July 30, 2009 - Posted by | 2009 | , ,


  1. “Let us deal with it all at once”

    As long as we understand that the 2003 list is not exhaustive–it would have been very easy for steroid users who knew what they were doing to test clean (see Radomski’s book)…

    … and as long as we keep in mind that there are still drugs in the sport, given the range of PEDs (most notably HGH) for which we don’t have urine tests. (Until the players’ union sanctions split-sample blood tests, this is all a little silly.)

    Because of these two issues, as well as the fact that every player taking the 2003 test was assured it was confidential, I’ve been of the opinion that the list should not be released. The risk of folks who don’t really get it thinking that every user had been identified and that the sport was now clean was more than I wanted to take. But I’m starting to think that rather than have something come out every couple of months, we might as well get it over with in a controlled fashion.

    Comment by KellyO | July 30, 2009 | Reply

  2. Nomar’s interview was pretty amazing. Haven’t heard him talk that much…EVER.

    You have to admire how Papi’s handling this. There’s a reason we love him.

    Comment by becks | July 30, 2009 | Reply

  3. I think my want for the release of the list is starting to have more to do with preventing these sneak attacks. Not to ostracize the guys on the list.

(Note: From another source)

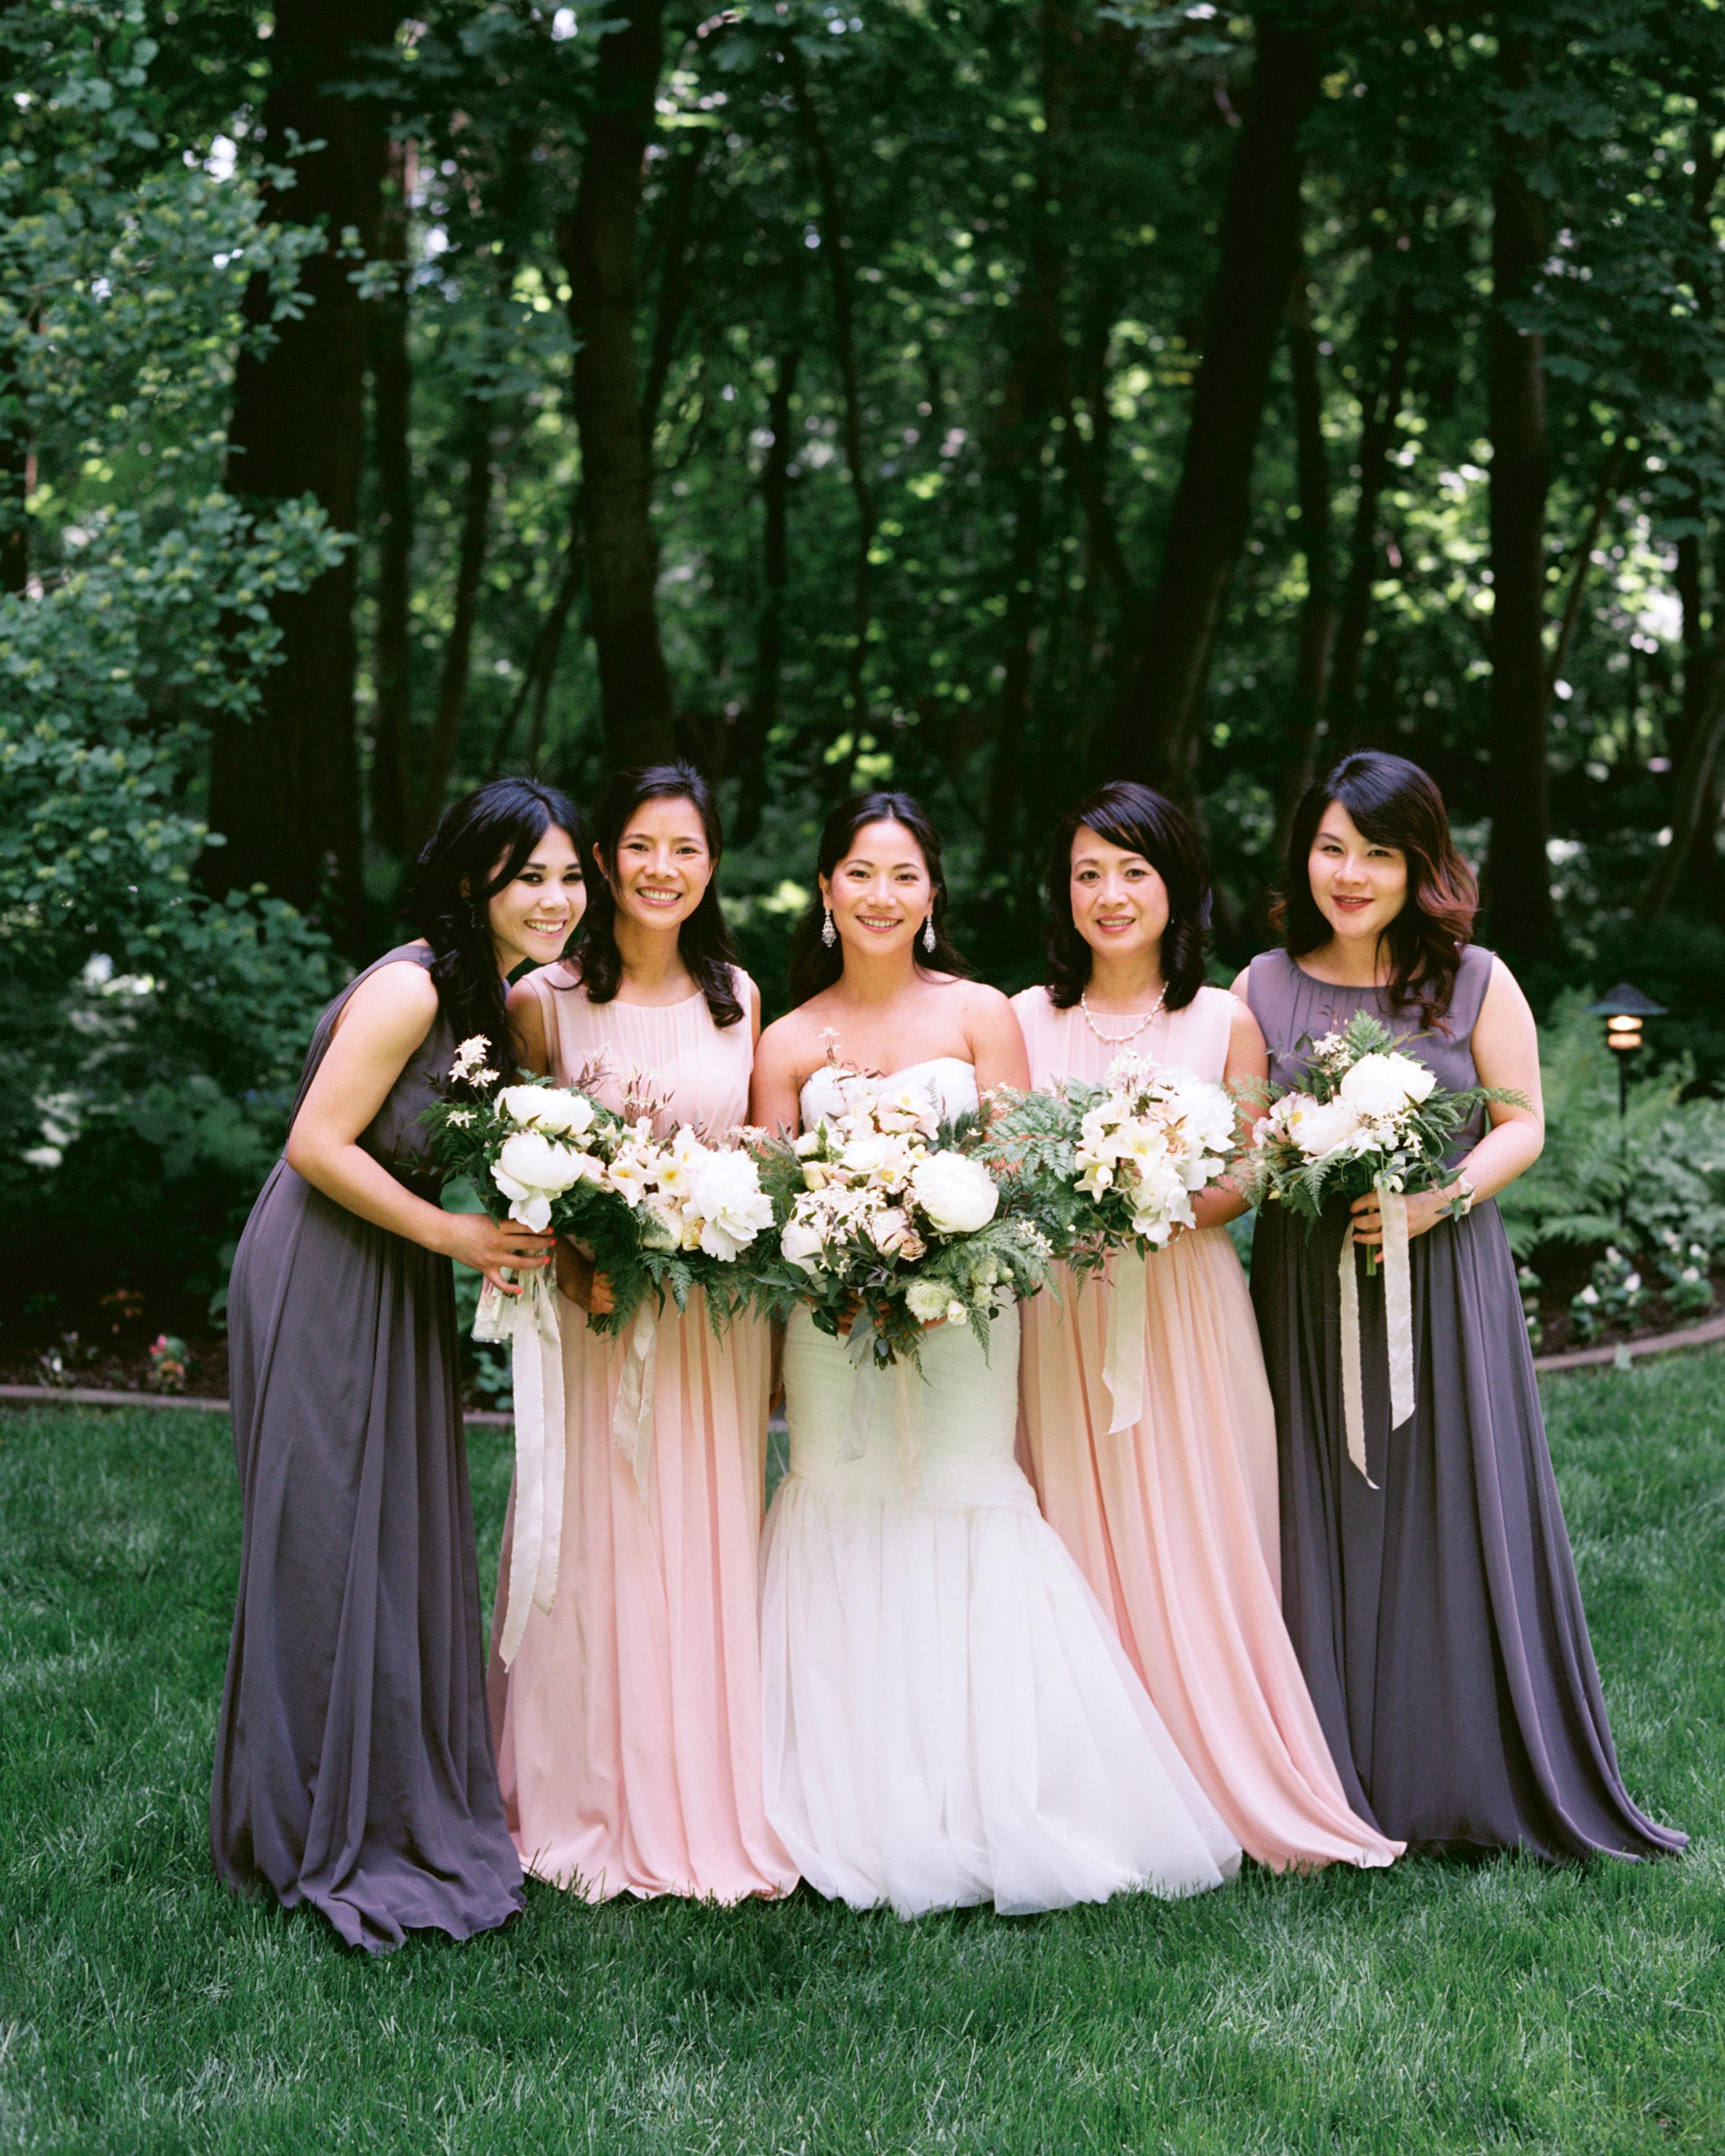 ally-adam-wedding-bridesmaids-034-s111818-0215.jpg

    If anyone believes only 104 people in MLB used PEDs…well, then I don’t know what to say about that.

    I haven’t heard Nomar’s interview yet…I look forward to it.

    Comment by Cyn | July 30, 2009 | Reply

  4. How is he handling this any different from any of the others? He was surprised to learn that he was on the list and doesn’t know what he was caught using. He’s apologized and is going to look into it. We’ve heard that from many other players before

    He has repeatedly and publicly denied using PED’s and called for more testing and stricter penalties for those who are caught. Just like A-Rod, and others like him, you can’t publicly deny it, then put the genie back in the bottle when the truth comes out.

    What’s so admirable? Admitting a mistake after you’ve been caught?

    Comment by Walter | July 30, 2009 | Reply

  5. Let’s wait, let Papi look into the situation, and have his say, before we judge. Papi deserves that from us.

    Giant hugs to Nomar. I do think that the way the testing was done (telling the players it was anonymous, when it was not), was completely unfair, and they should look at their own union for that.

    Torri Hunter-shut up.

    Cyn, glad you are looking after your own happiness.

    Comment by Dewey | July 30, 2009 | Reply

  6. Talking about how unfair the testing was is a red herring-reminds me of how everybody jumped on Jose Canseco when he came out with Juiced. Nobody liked what he had to say, so they jumped on the messenger-even though he has been proven right most of the time. In this case, the 2003 testing program is the messenger. I suspect it’s the fact that you don’t like what it tells you more than any concern you have over the leak. If it hadn’t been leaked, you would never know, but that doesn’t mean it didn’t happen.

    David Ortiz took some kind of PED. Just because we found out from a report that should not have been made public doesn’t change that or somehow make him more virtuous than any of the other guys who juiced.

    Comment by Lou Dyer Jones | July 30, 2009 | Reply

  7. “I’m not happy with a couple of whispers slipped to the New York Times potentially destroying a man’s reputation.”

    Remember, ARod only admitted after his name from that same report was leaked. If you believed it when he was outed earlier this year, *before* he confirmed it, than you are a bit of a hypocrite.